I generated a hundred of these songs, selected the ones that sounded the best, and sent them over to the producers of the Sourdough audiobook, truly hoping that these were among the weirdest attachments ever to land in their inboxes. Those producers crafted the sound, finessed it, and now you can hear the result in the audiobook
One more thing.
I’ve taken pains to call this “machine learning,” not “artificial intelligence,” because, in this case, there’s really nothing intelligent about it. These systems — whether they’re working on text, images, or audio — learn statistical models that allow them to mimic the structure of the material they’re trained on. For example, the system I trained on old science fiction stories knows that if it has generated the character T, followed by the character H, it ought next to generate E, or maybe A, or O — but almost certainly not F, or J, or Q. If you can imagine many, many of these probabilities linked in a sprawling mesh: you have a rough model of the English language!
It works the same way with audio, and as the system learns, a surprising principle emerges.
SampleRNN quickly determines that if it has generated a sample of silence, followed by another sample of silence, it ought next to generate yet another sample of silence. This is because blocks of silence are a common occurrence in all recorded music: beginnings, endings, pauses between sections. As a result, it’s often the case that when you ask SampleRNN to generate new audio, it churns for a few minutes and then proudly produces… pure silence. It’s simply obeying the statistical model it learned.
Working on this project, I deleted a lot of files full of silence.

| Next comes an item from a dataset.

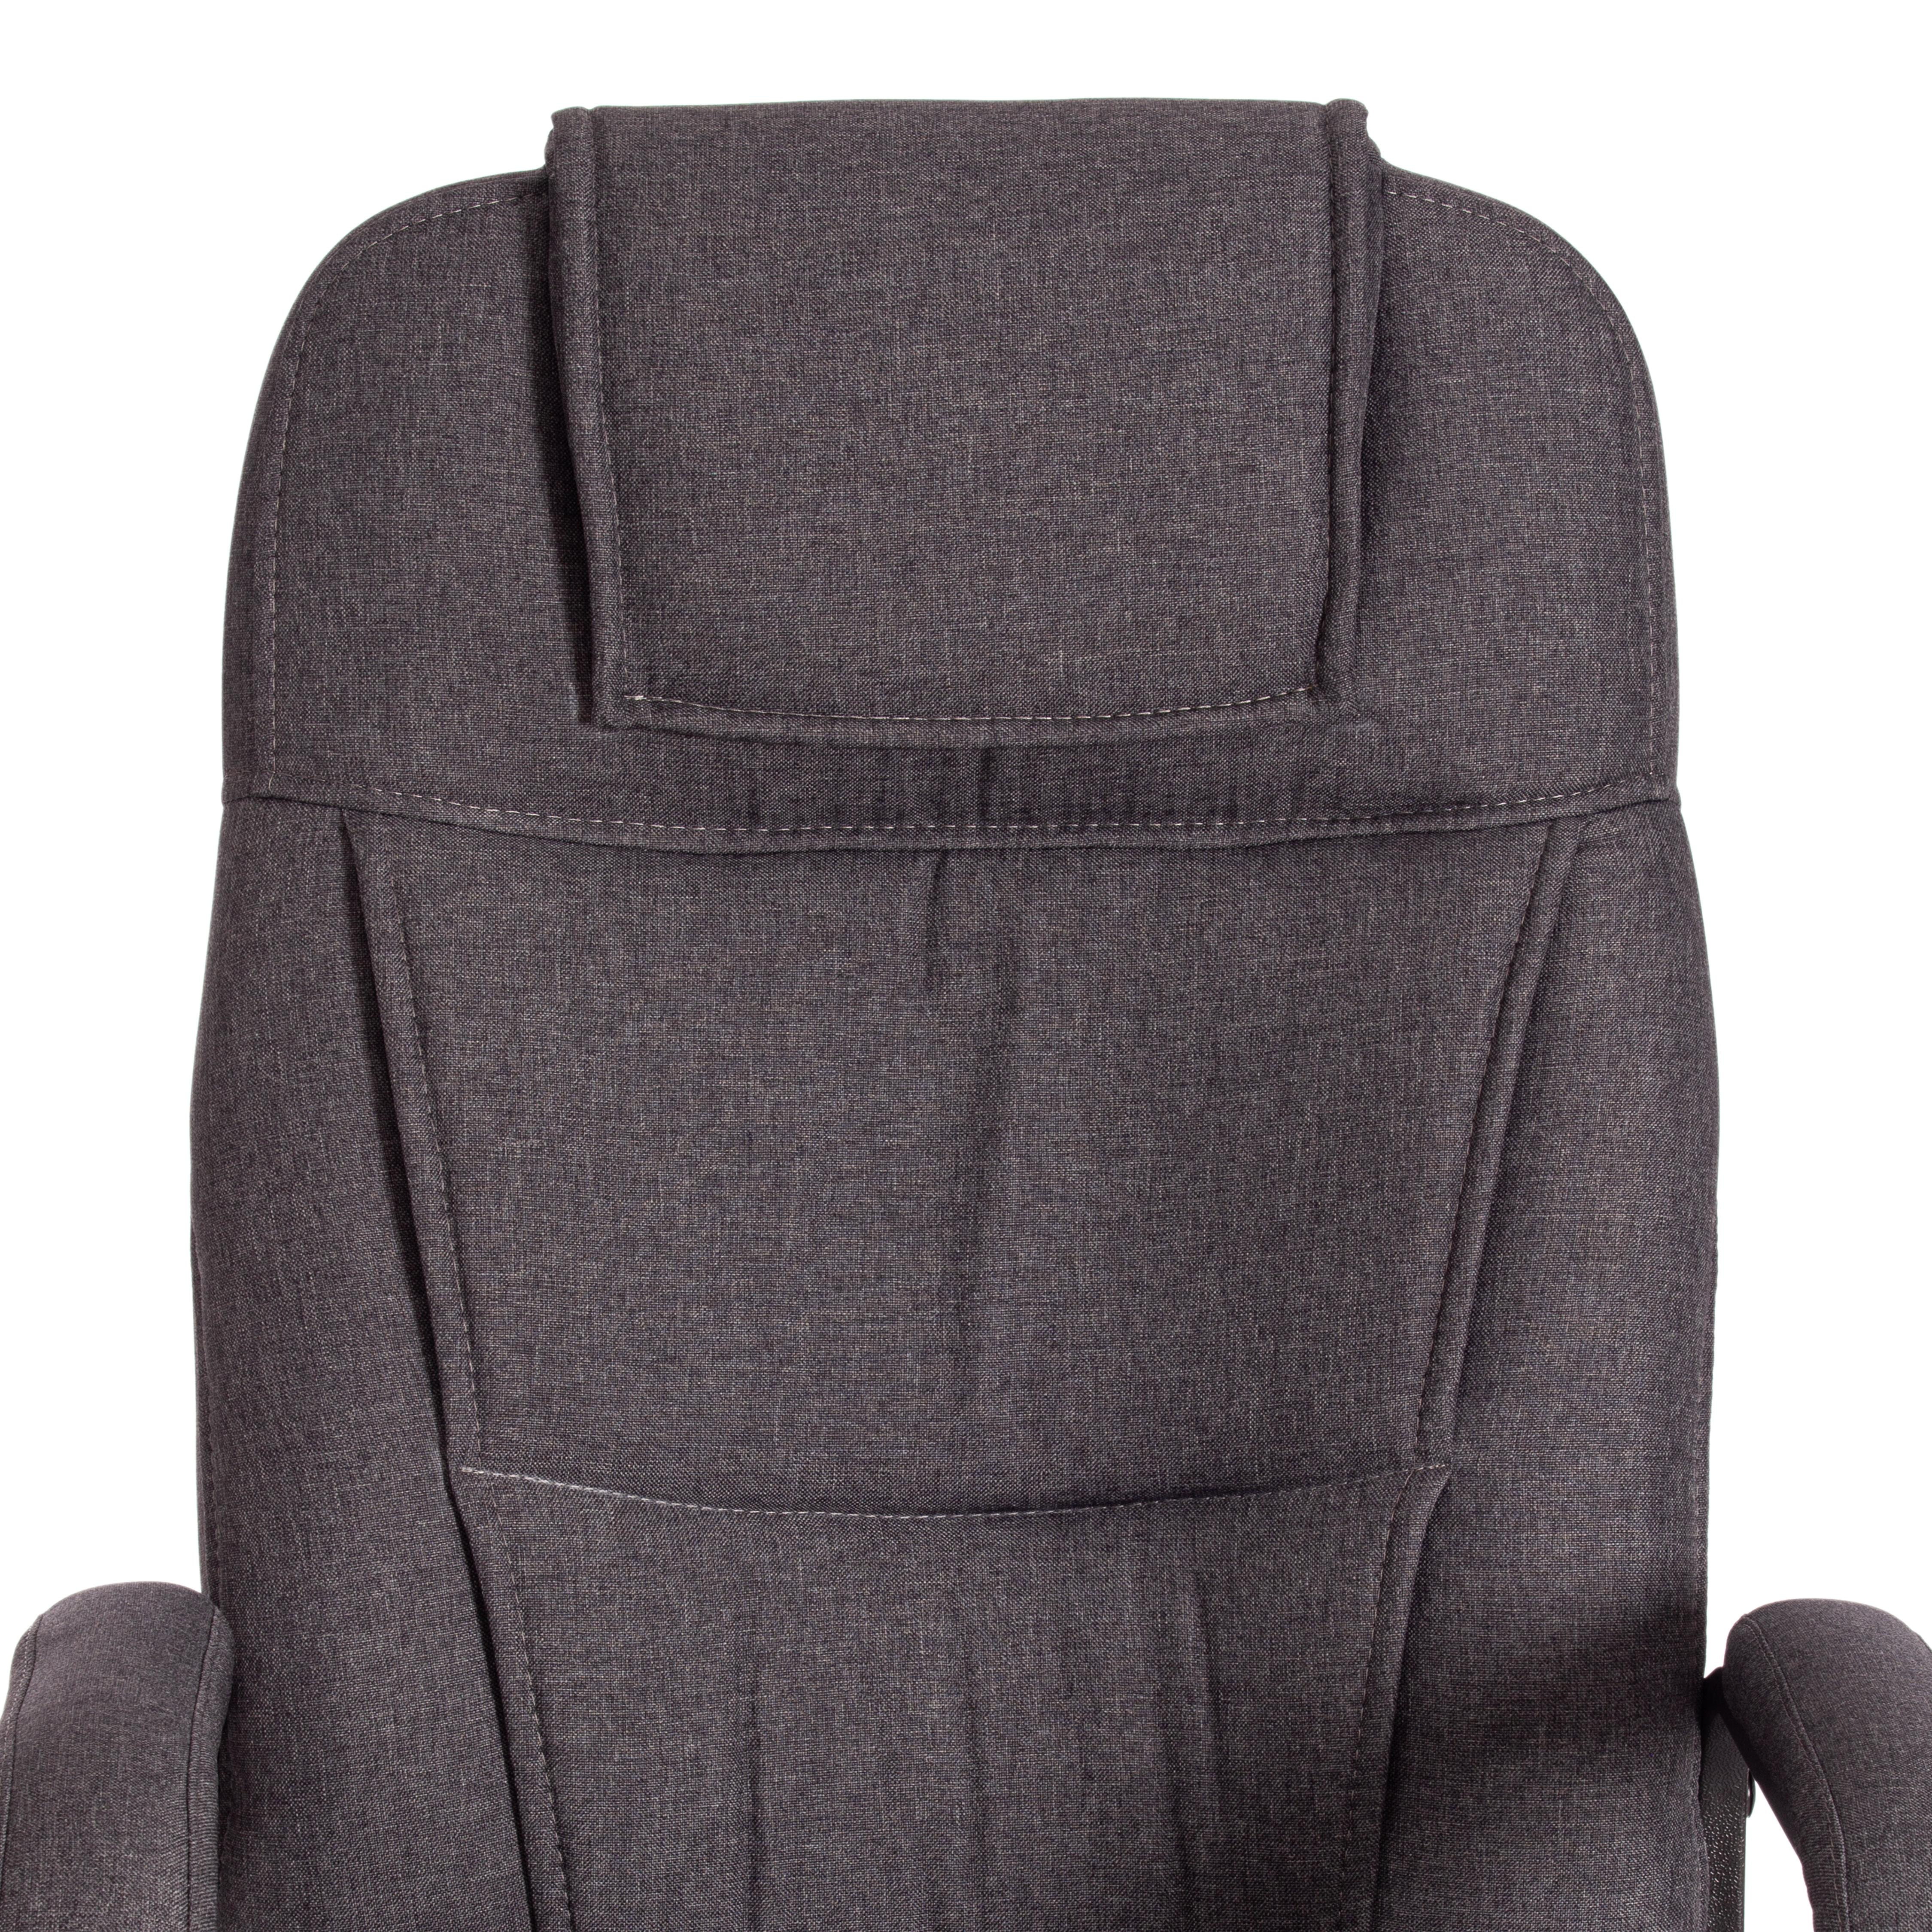 Кресло BERGAMO (22) ткань, темно-серый, F68

But sometimes, it’s different. Sometimes, the system’s output begins with silence, and is followed by silence, and on and on, establishing a high-probability void. But remember, these probabilities aren’t absolute. At each step, there’s always a vanishingly small chance that, instead of silence, we ought to hear something different. And sometimes, one of those small chances sparks to life — the dominoes fall a different way — and from silence, we get…
Listen for yourself. The audio below begins with silence, and that’s intentional. Keep listening. Wait for the moment when something in the computer’s heart trembles just enough to make a difference.
You know what?
I think that’s what having an idea sounds like.